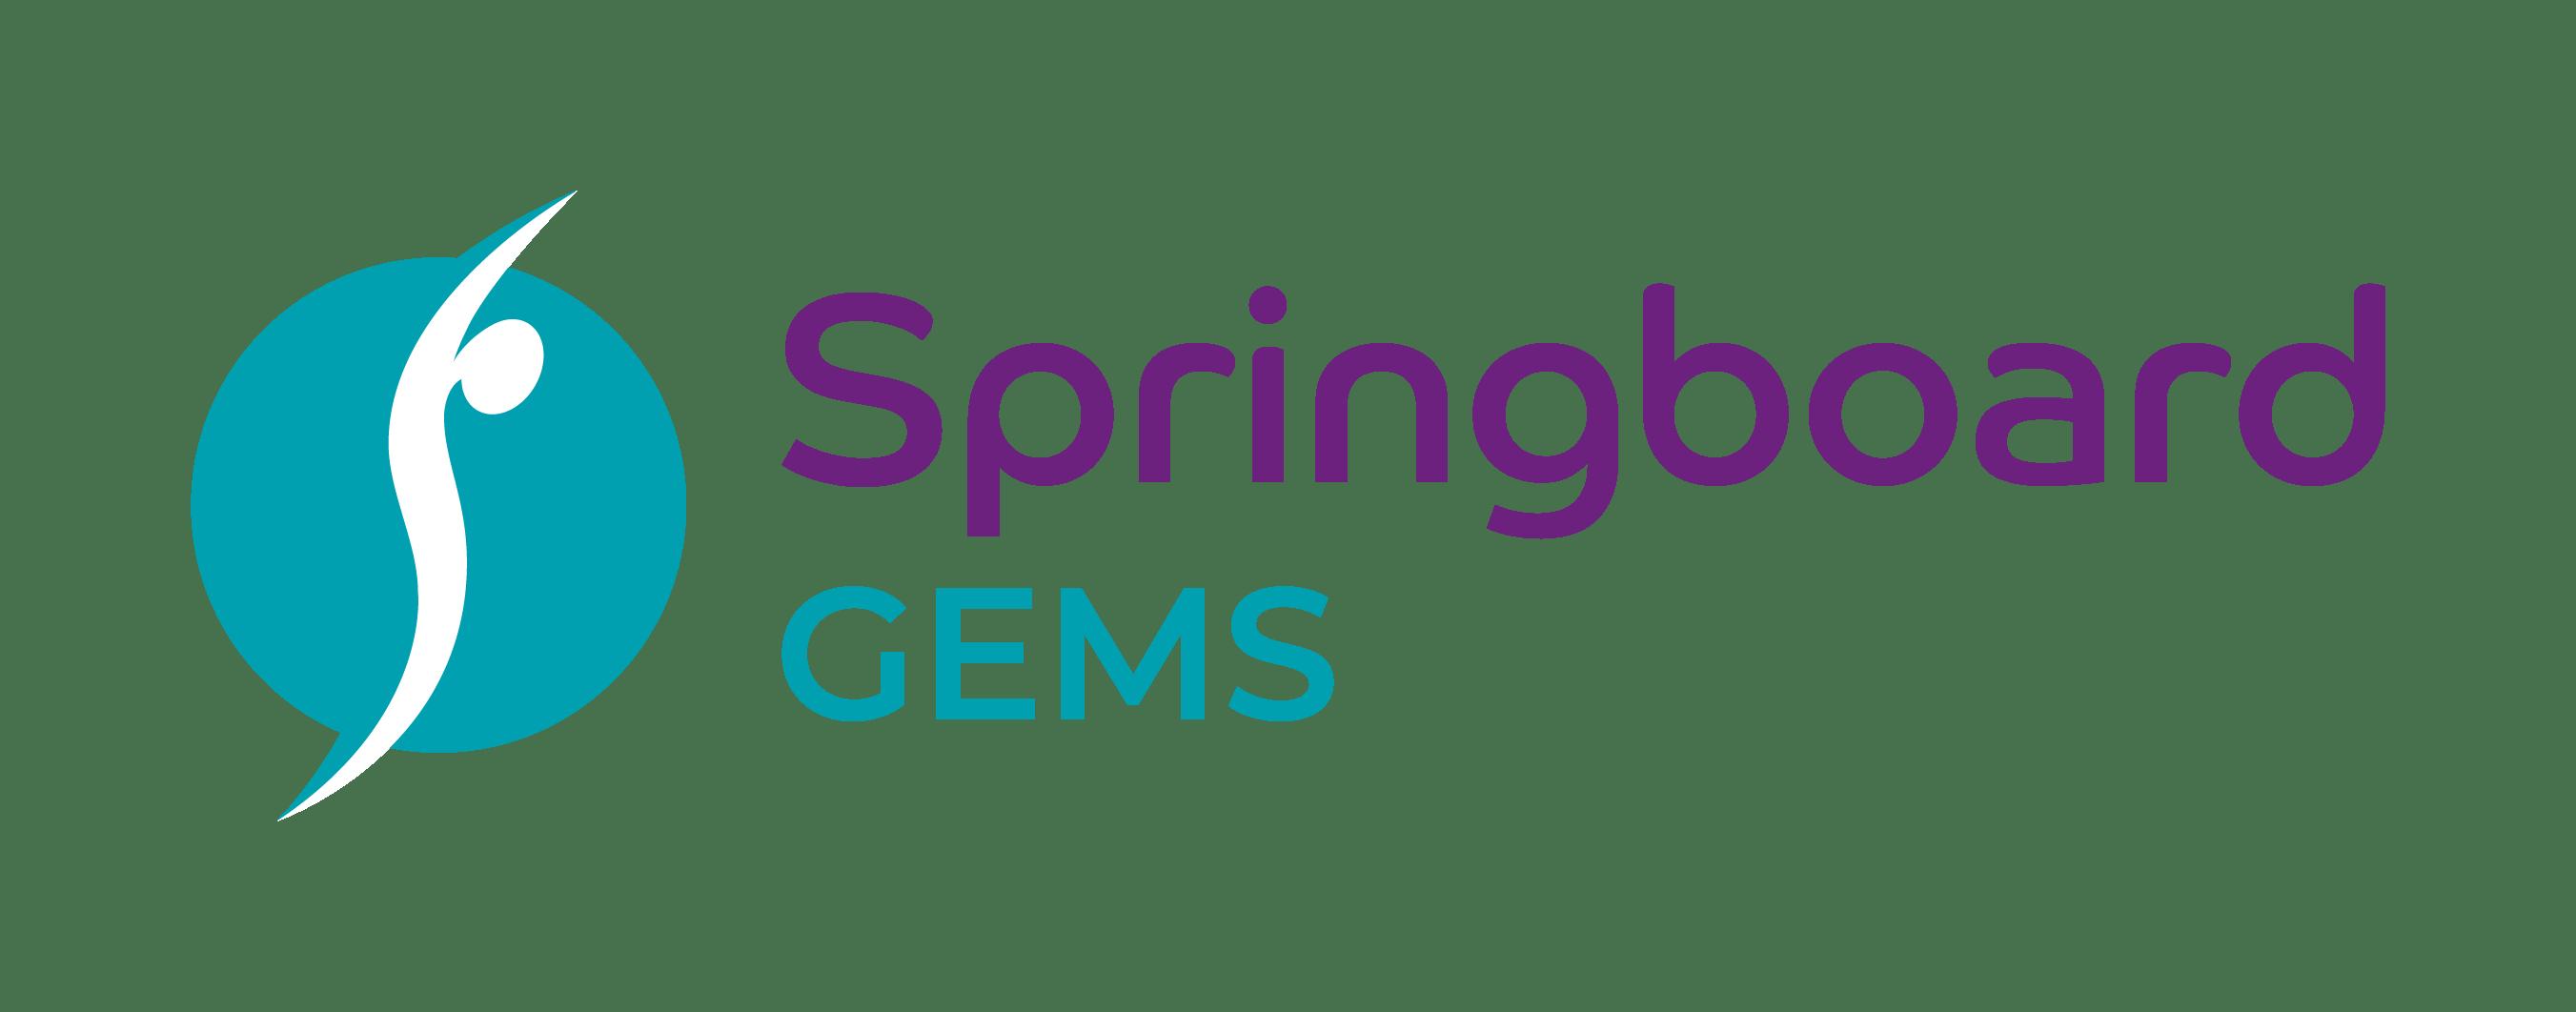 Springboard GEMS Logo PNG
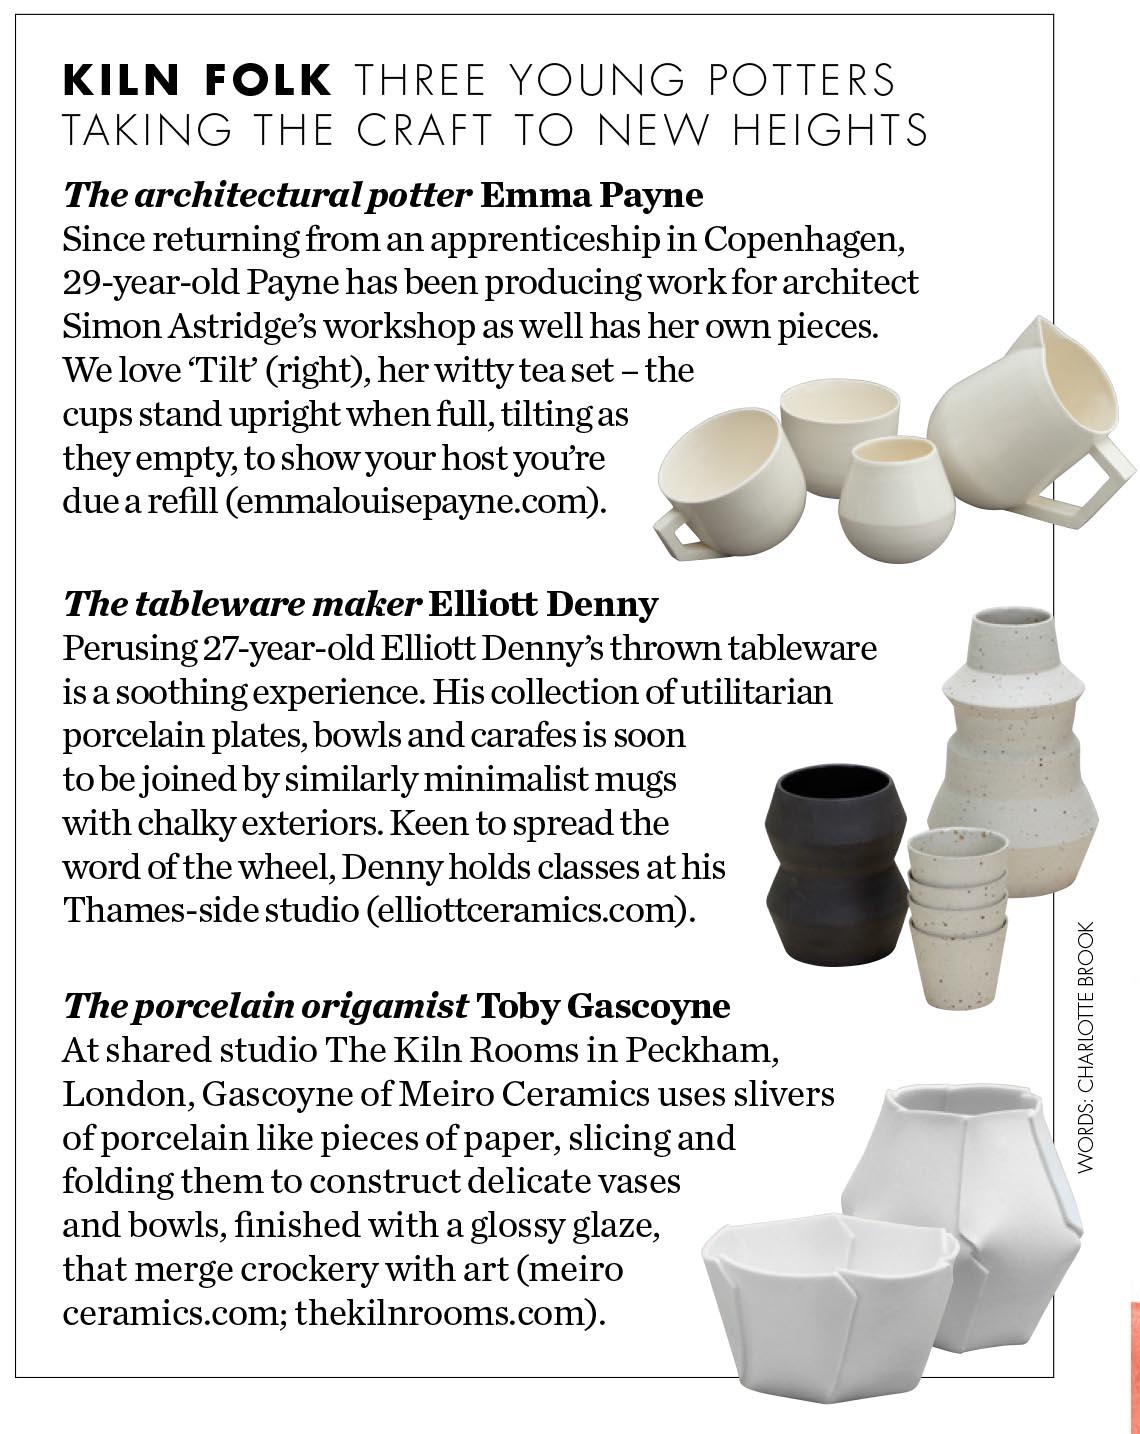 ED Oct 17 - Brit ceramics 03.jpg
┄┄┄┄┄┄
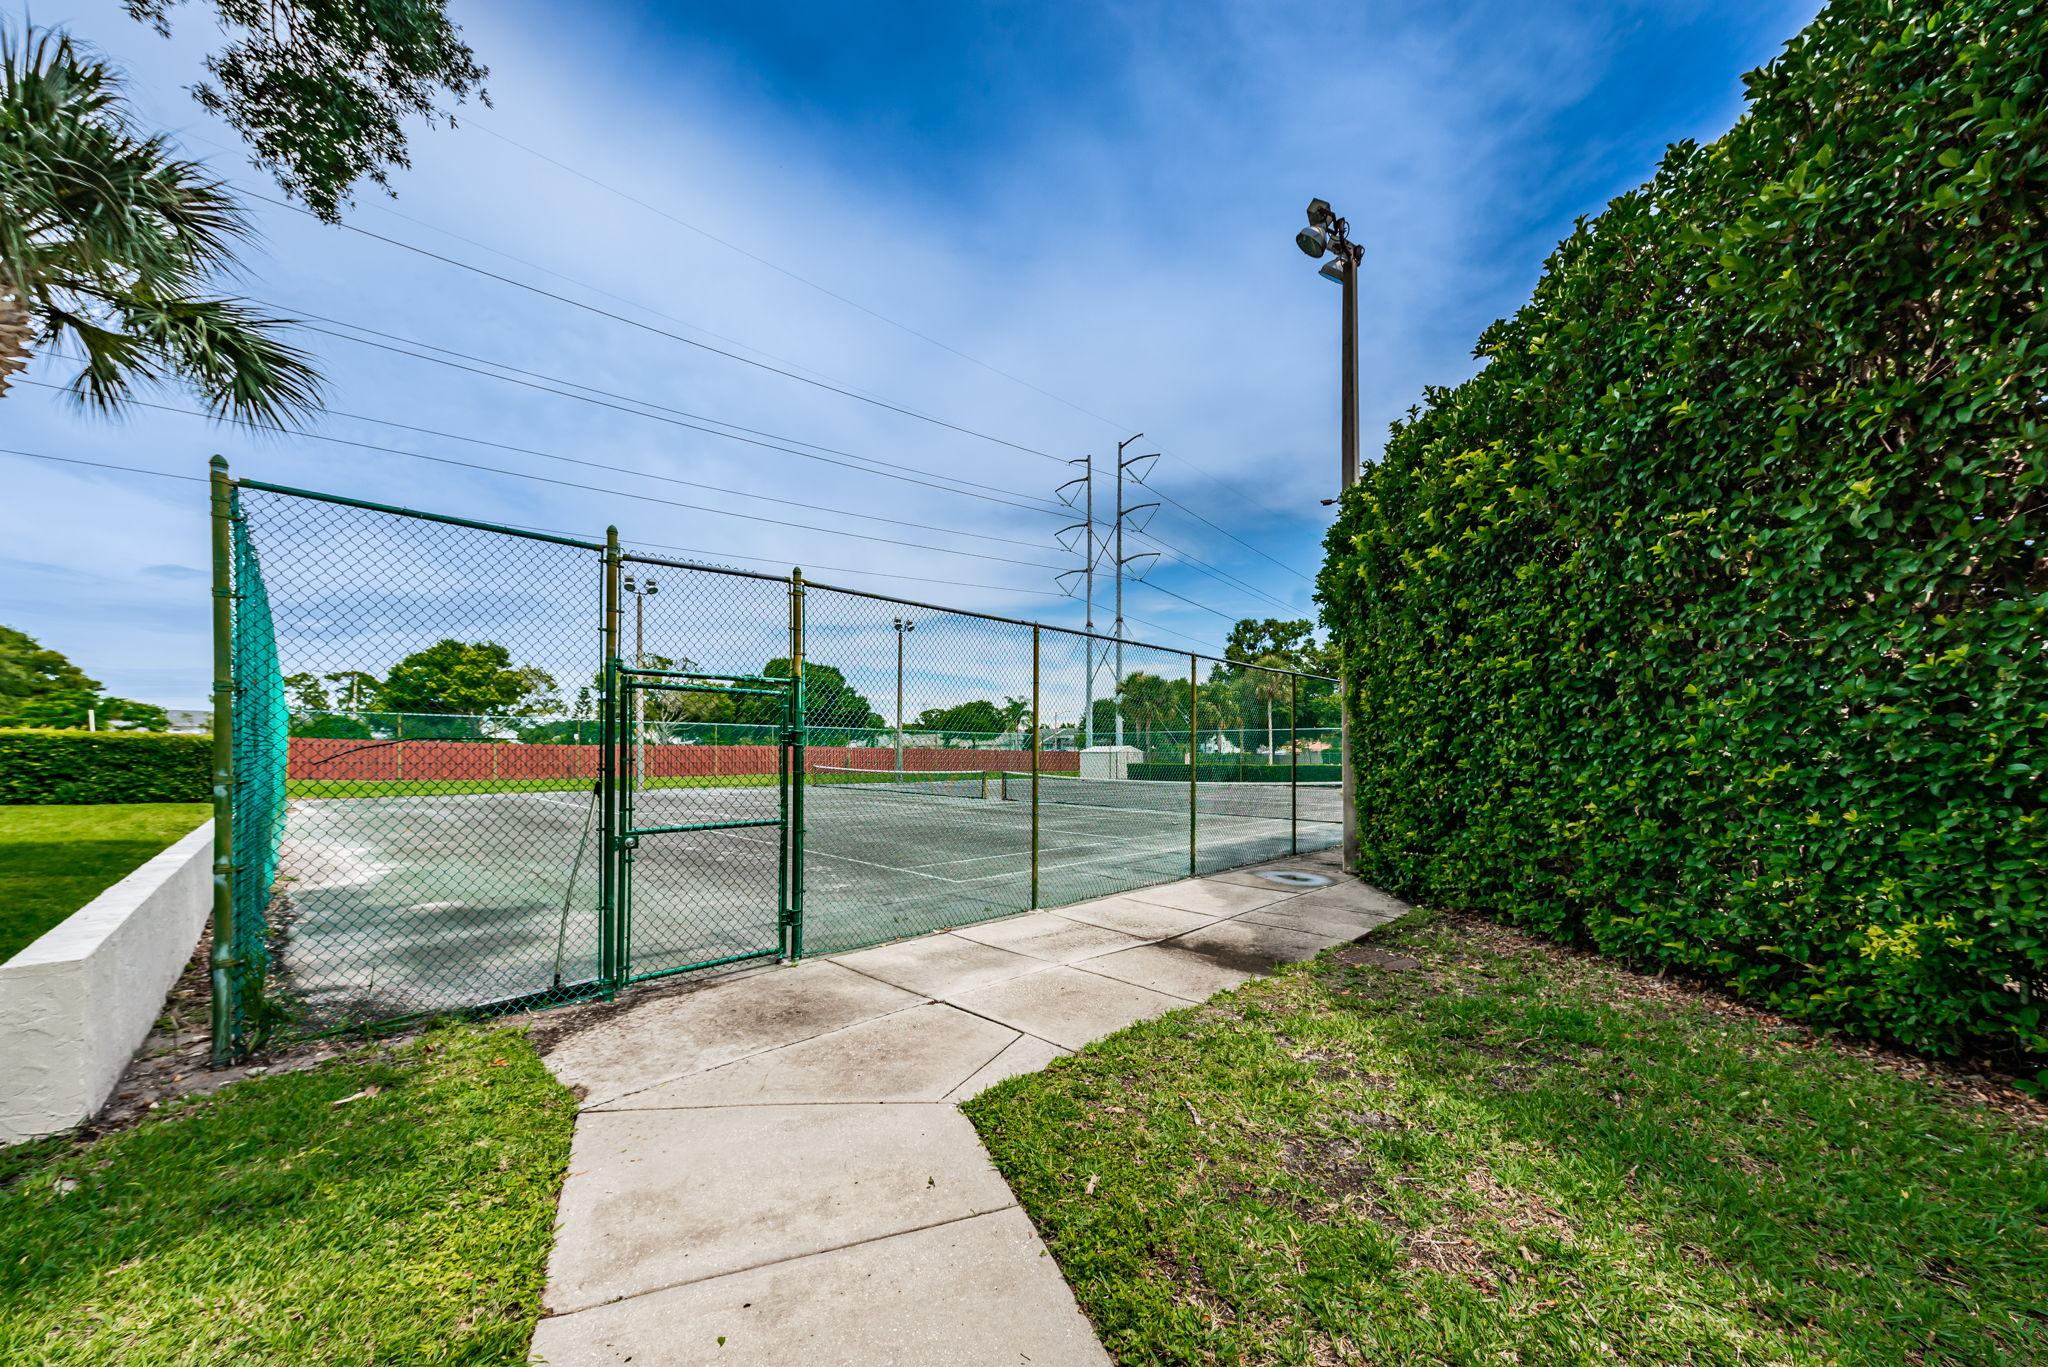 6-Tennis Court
┄┄┄┄┄┄
◆ Exercise directions:
Above are the records. Copy only the lines from the one with "Springboard GEMS Logo PNG" through the one with "ED Oct 17 - Brit ceramics 03.jpg", exactly, with no pictures.

◆ Response area:
 Springboard GEMS Logo PNG
 ED Oct 17 - Brit ceramics 03.jpg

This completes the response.